[Task] Please print the line that holds "Rubber, 10 M" and each line after it to the end of the data, word for word, without any pictures.

-- Dataset extract follows --

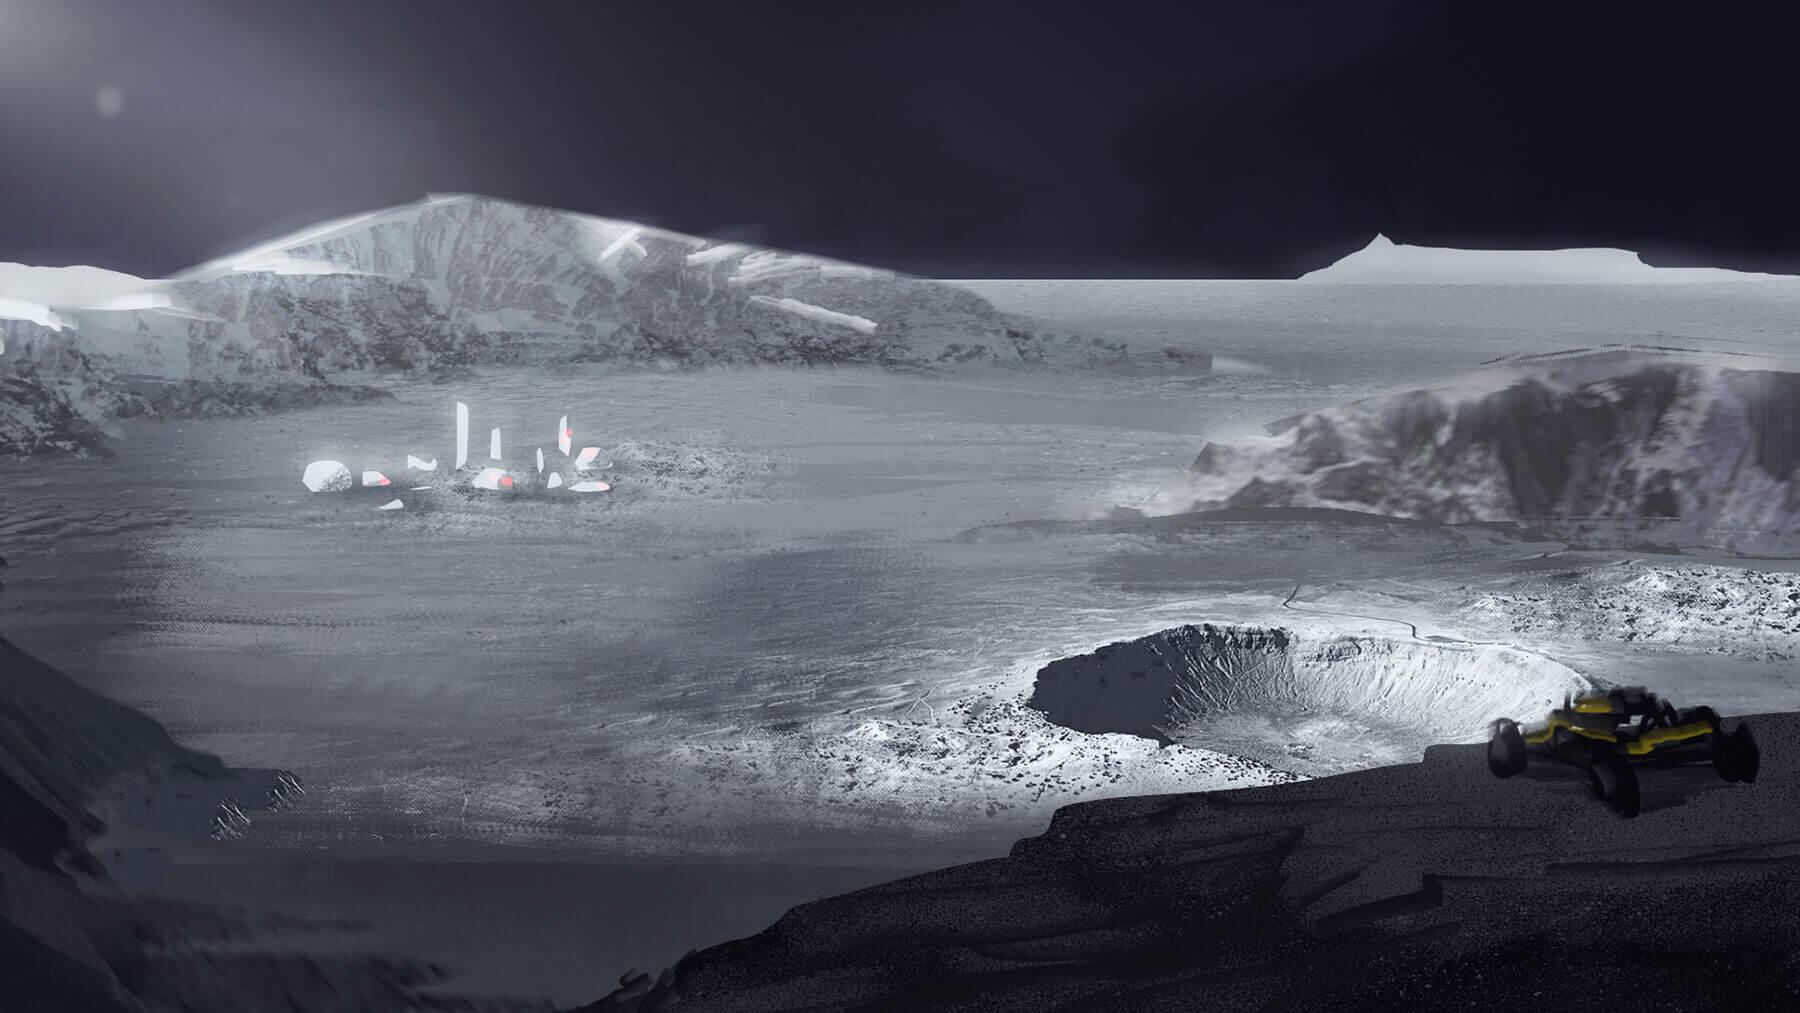 Virtual reality moon cliff overlook
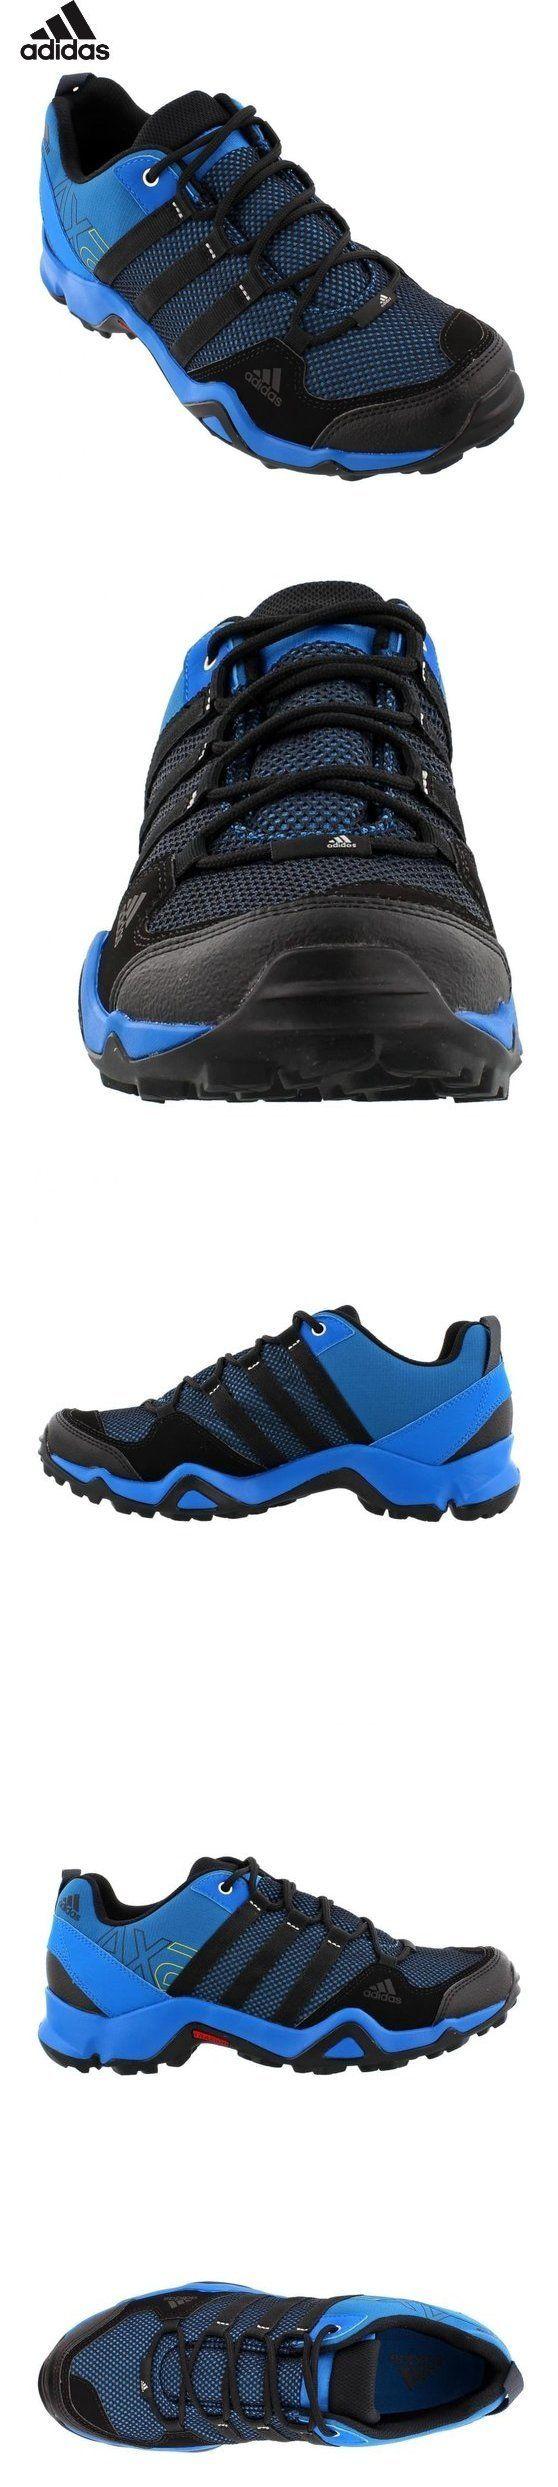 $84.99 - Adidas Sport Performance Women's Terrex Solo Hiking Sneakers, Orange Textile, Mesh, Rubber, 10 M
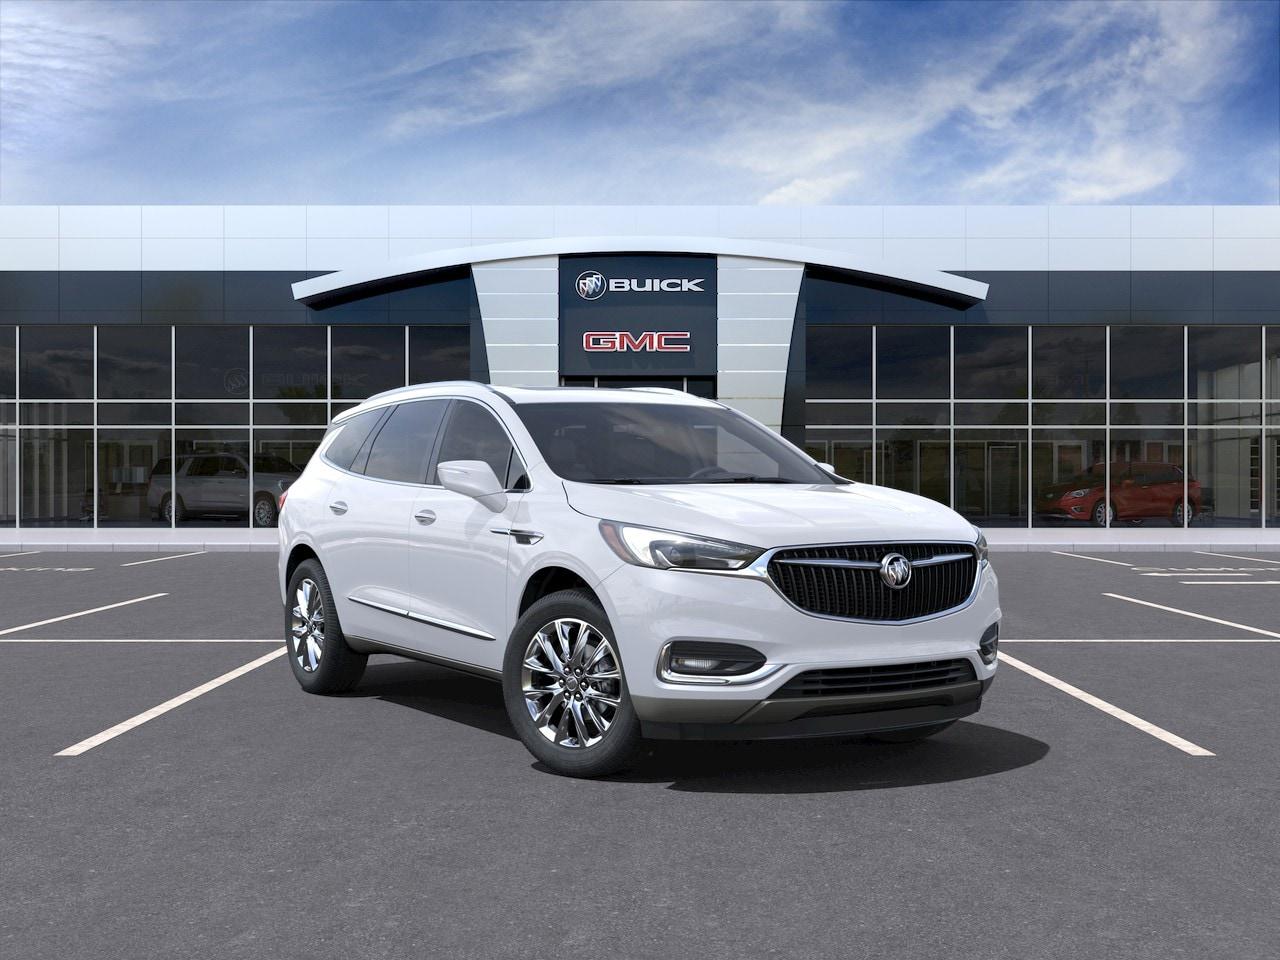 2021 Buick Enclave Triadelphia WV

-- Dataset extract concluded --

[Completed exercise]
 $84.99 - Adidas Sport Performance Women's Terrex Solo Hiking Sneakers, Orange Textile, Mesh, Rubber, 10 M
 2021 Buick Enclave Triadelphia WV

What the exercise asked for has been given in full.